Palaeorhiza cassiaefloris

Scientific classification
- Kingdom: Animalia
- Phylum: Arthropoda
- Clade: Pancrustacea
- Class: Insecta
- Order: Hymenoptera
- Family: Colletidae
- Genus: Palaeorhiza
- Species: P. cassiaefloris
- Binomial name: Palaeorhiza cassiaefloris (Cockerell, 1910)
- Synonyms: Meroglossa perviridis cassiaefloris Cockerell, 1910;

= Palaeorhiza cassiaefloris =

- Genus: Palaeorhiza
- Species: cassiaefloris
- Authority: (Cockerell, 1910)
- Synonyms: Meroglossa perviridis cassiaefloris

Species of bee

Palaeorhiza cassiaefloris, or Palaeorhiza (Palaeorhiza) cassiaefloris, is a species of bee in the family Colletidae and subfamily Hylaeinae.
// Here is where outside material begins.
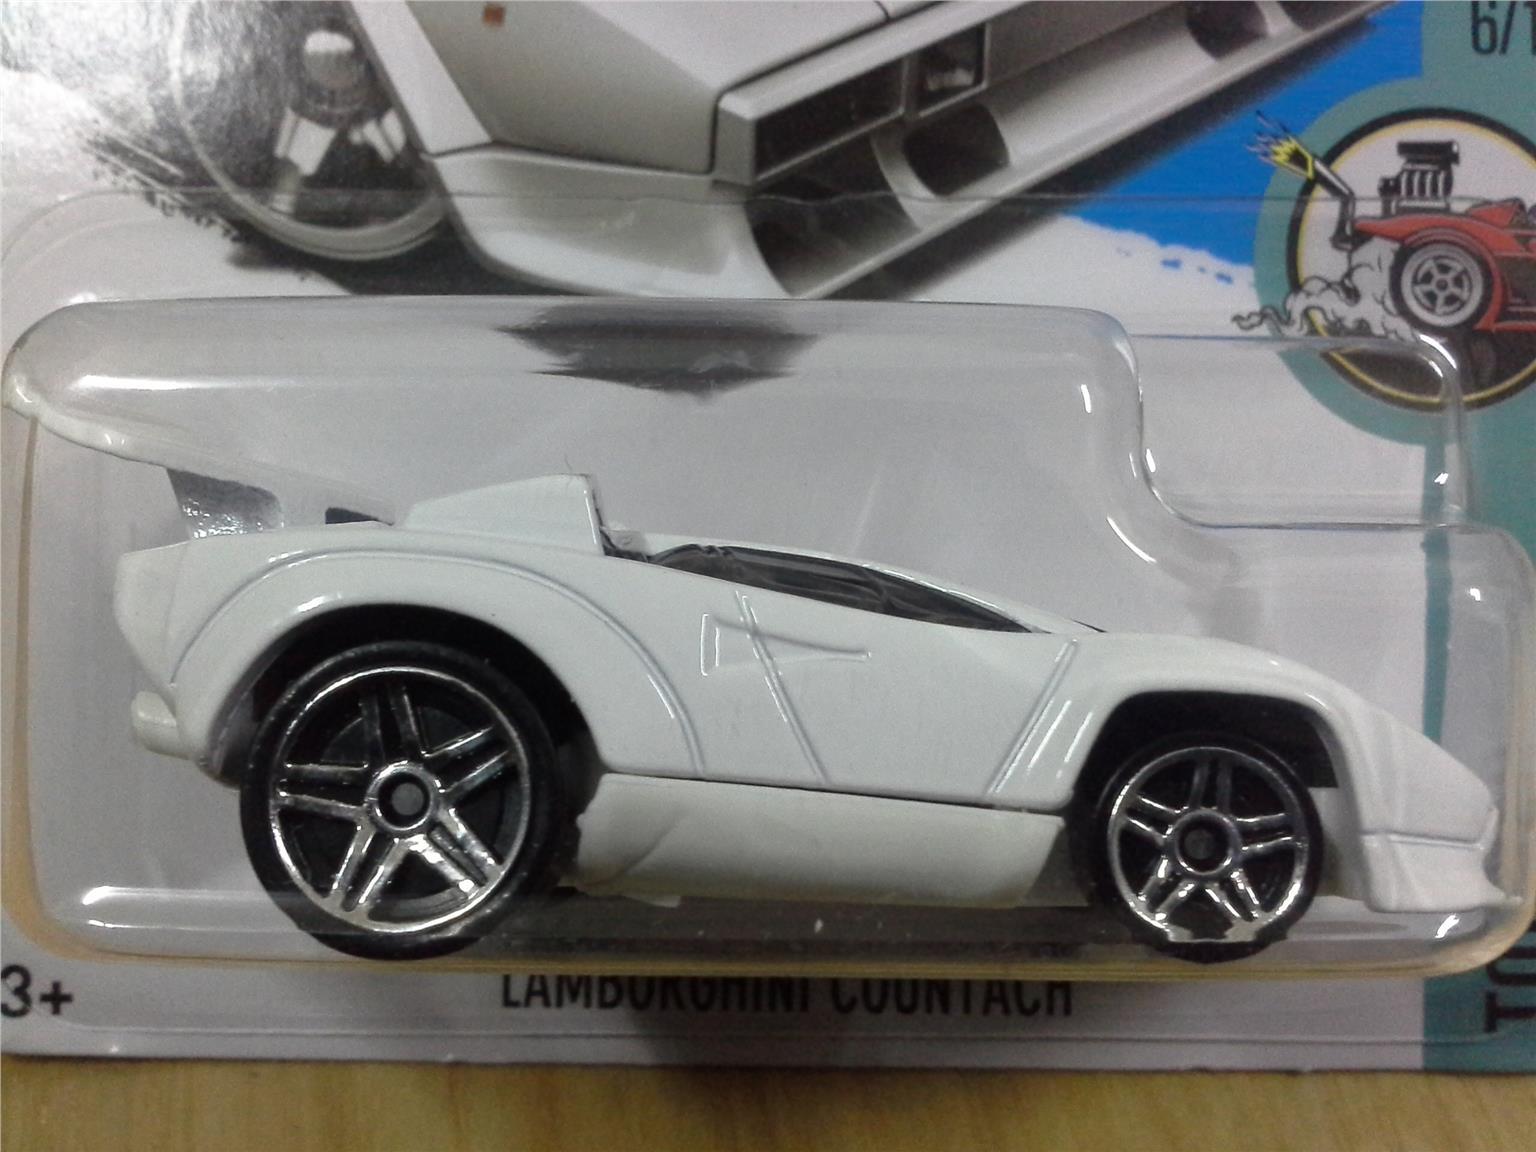 2017 Hot Wheels Lamborghini Countach End 3 2 2018 9 15 Pm

It is endemic to Australia. It was described by British entomologist Theodore Dru Alison Cockerell in 1910.

==Distribution and habitat==
The species occurs in subtropical coastal Queensland. The type locality is Mackay. It has also been recorded from Brisbane.

==Behaviour==
The adults are flying mellivores. Flowering plants visited by the bees include Cassia species.